Thank you very much for addressing all my points. I will maintain my positive score and continue to recommend acceptance of the article.

审稿意见
4

GNNs often face challenges such as oversquashing, oversmoothing, and limited expressiveness, particularly when modeling long-range dependencies. This paper introduces Sketched Random Features (SRF), randomized global summaries of node features designed to address these issues. SRF is created by first projecting node features into a kernel space using random mappings such as random Fourier features, and then aggregating them across nodes via the Johnson–Lindenstrauss transform. The resulting sketches are unique, distance-sensitive, and independent of graph topology. By injecting these representations into each GNN layer, the model gains efficient access to global context without relying on costly attention mechanisms. This approach consistently improves performance on both synthetic and real-world graph benchmarks, while offering significant gains in memory and runtime efficiency over transformer-based methods.

优缺点分析

The paper is clearly written and easy to follow. It presents the core limitations of GNNs in a well-motivated and accessible manner. The proposed method is grounded in well-established theoretical foundations and makes effective use of them. Empirical results demonstrate that incorporating SRF improves both performance and efficiency compared to strong baselines.

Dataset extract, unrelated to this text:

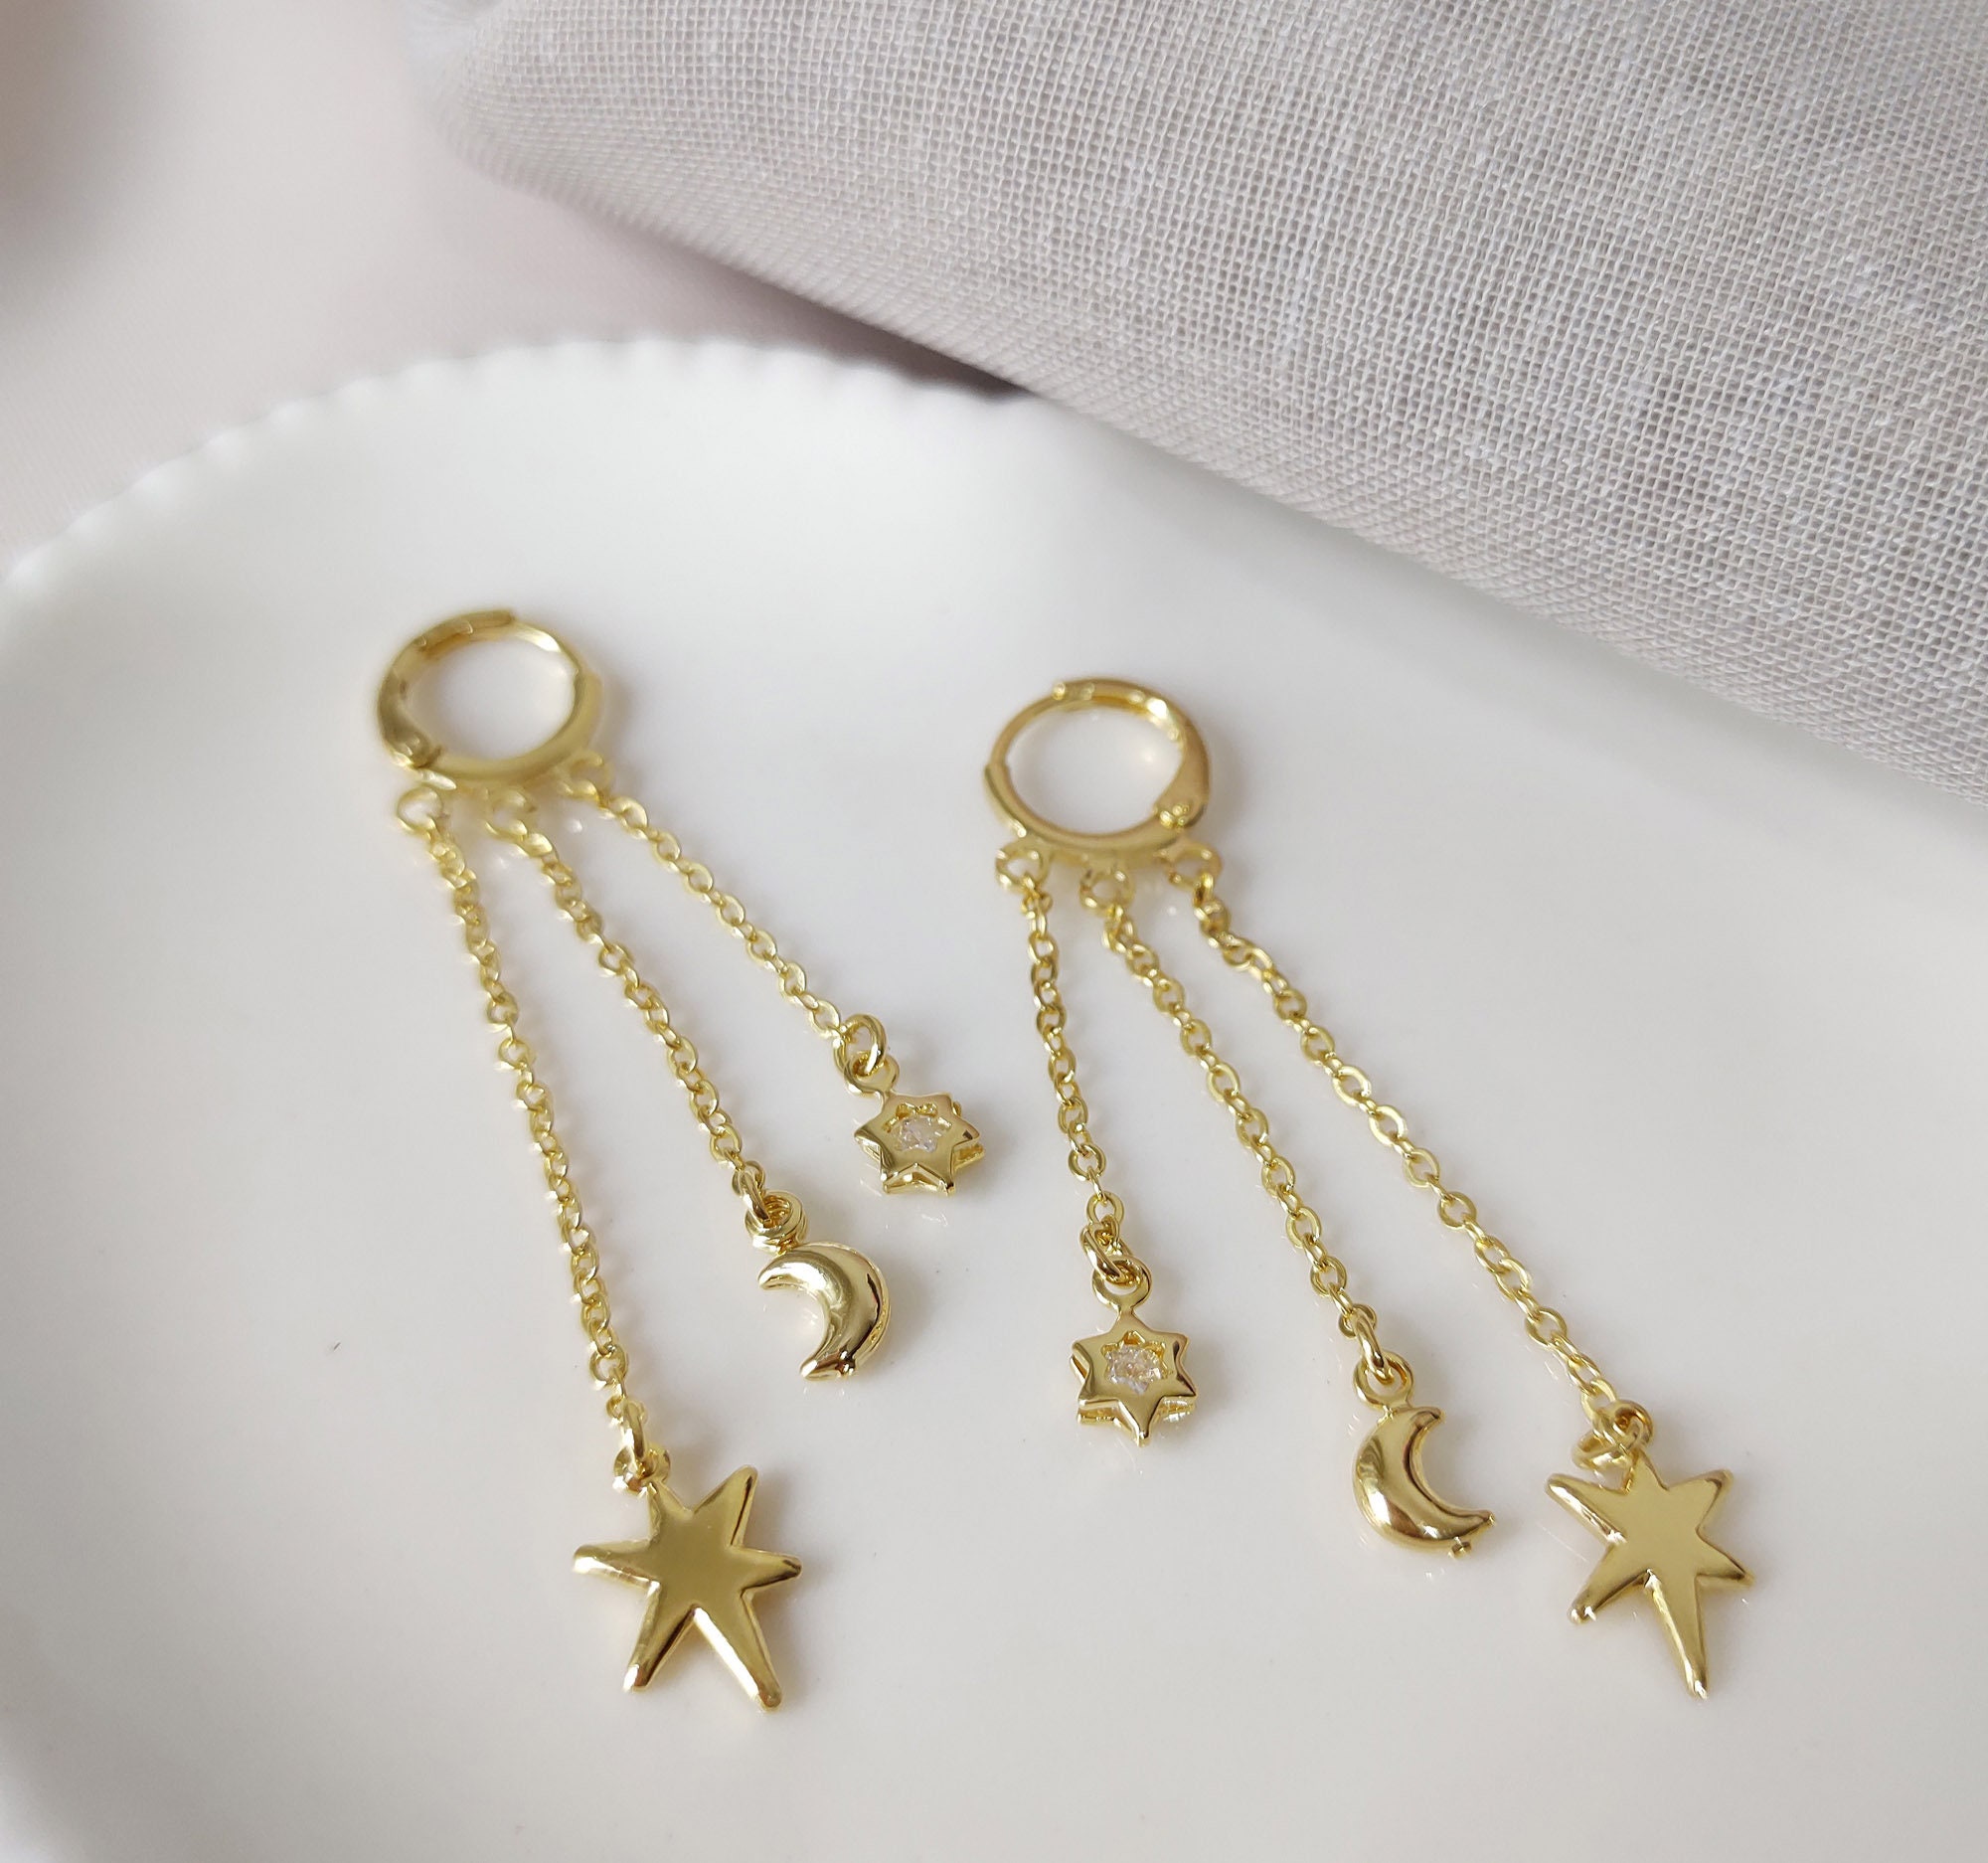 Light Weight Earrings: Elevating Style and Comfort - Clean Origin Blog

Despite these positive points, I have the some reservations:

  • SRF is positioned as a topology-agnostic method. It is entirely based on node features and random projections, which may reduce effectiveness in tasks where structural cues are critical. While this is acknowledged as complementary to structural encodings, the standalone method may underperform in structurally complex graphs with weak features.

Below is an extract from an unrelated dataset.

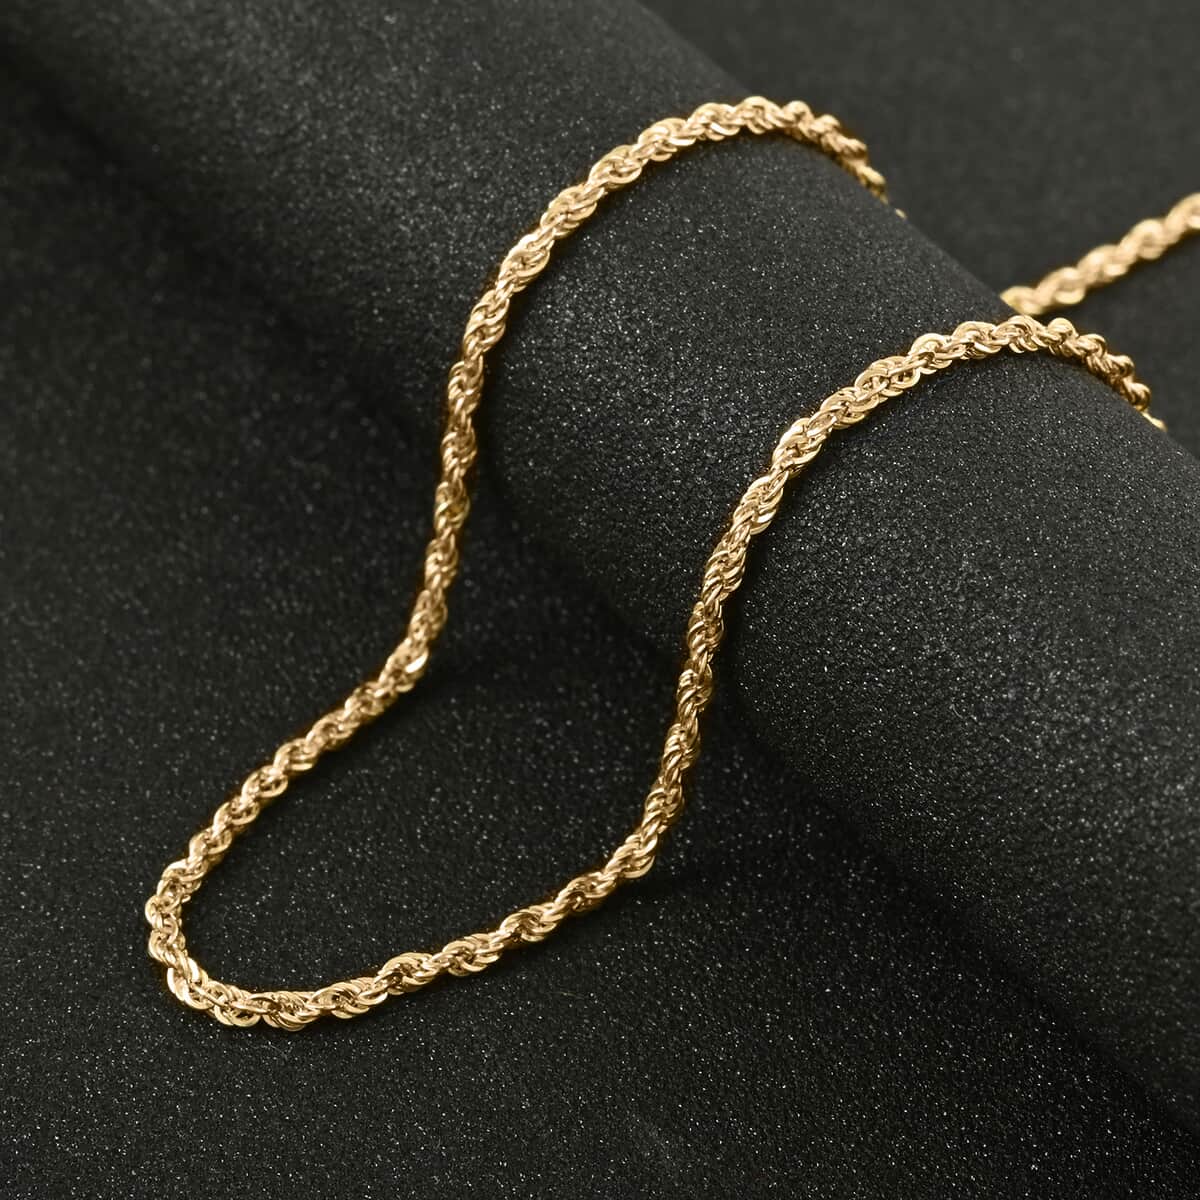 10K Yellow Gold 5mm Rope Chain Necklace 24 Inches 9.40 Grams

  • SRF relies on random kernel mappings and projections. This may lead to variability in performance across different runs, especially in low-data or low-variance settings. The paper does not deeply investigate the robustness of SRF across seeds or noise levels.

  • There is no detailed ablation on sketching parameters such as embedding dim and kernel choice.

  • While the method is well motivated and grounded in established theoretical tools such as random kernel features and the JL transform, it does not introduce any novel theoretical results. The analysis largely restates known properties and lacks deeper contributions, such as convergence guarantees, generalisation bounds, or new theoretical insights into the behaviour of GNNs.

问题

I would request the authors to address the points raised in the weakness section.

局限性

The societal or ethical implications of the work are not deeply discussed. For instance, while the method is efficient and scalable, are there settings such privacy-sensitive or fairness-constrained healthcare applications where injecting global summaries might amplify biases?

最终评判理由

The authors have addressed my concerns, and I have raised my score accordingly. However, I still believe that the theoretical analysis, while well-grounded, could have been more novel. For this reason, I have leaned toward a borderline accept.

格式问题

No formatting issues

作者回复

Thanks for your thoughtful review and for highlighting the clear presentation, strong theoretical grounding, and empirical results of our work. We address your concerns individually below.

W1: SRF is positioned as a topology-agnostic method. It is entirely based on node features and random projections, which may reduce effectiveness in tasks where structural cues are critical. While this is acknowledged as complementary to structural encodings, the standalone method may underperform in structurally complex graphs with weak features.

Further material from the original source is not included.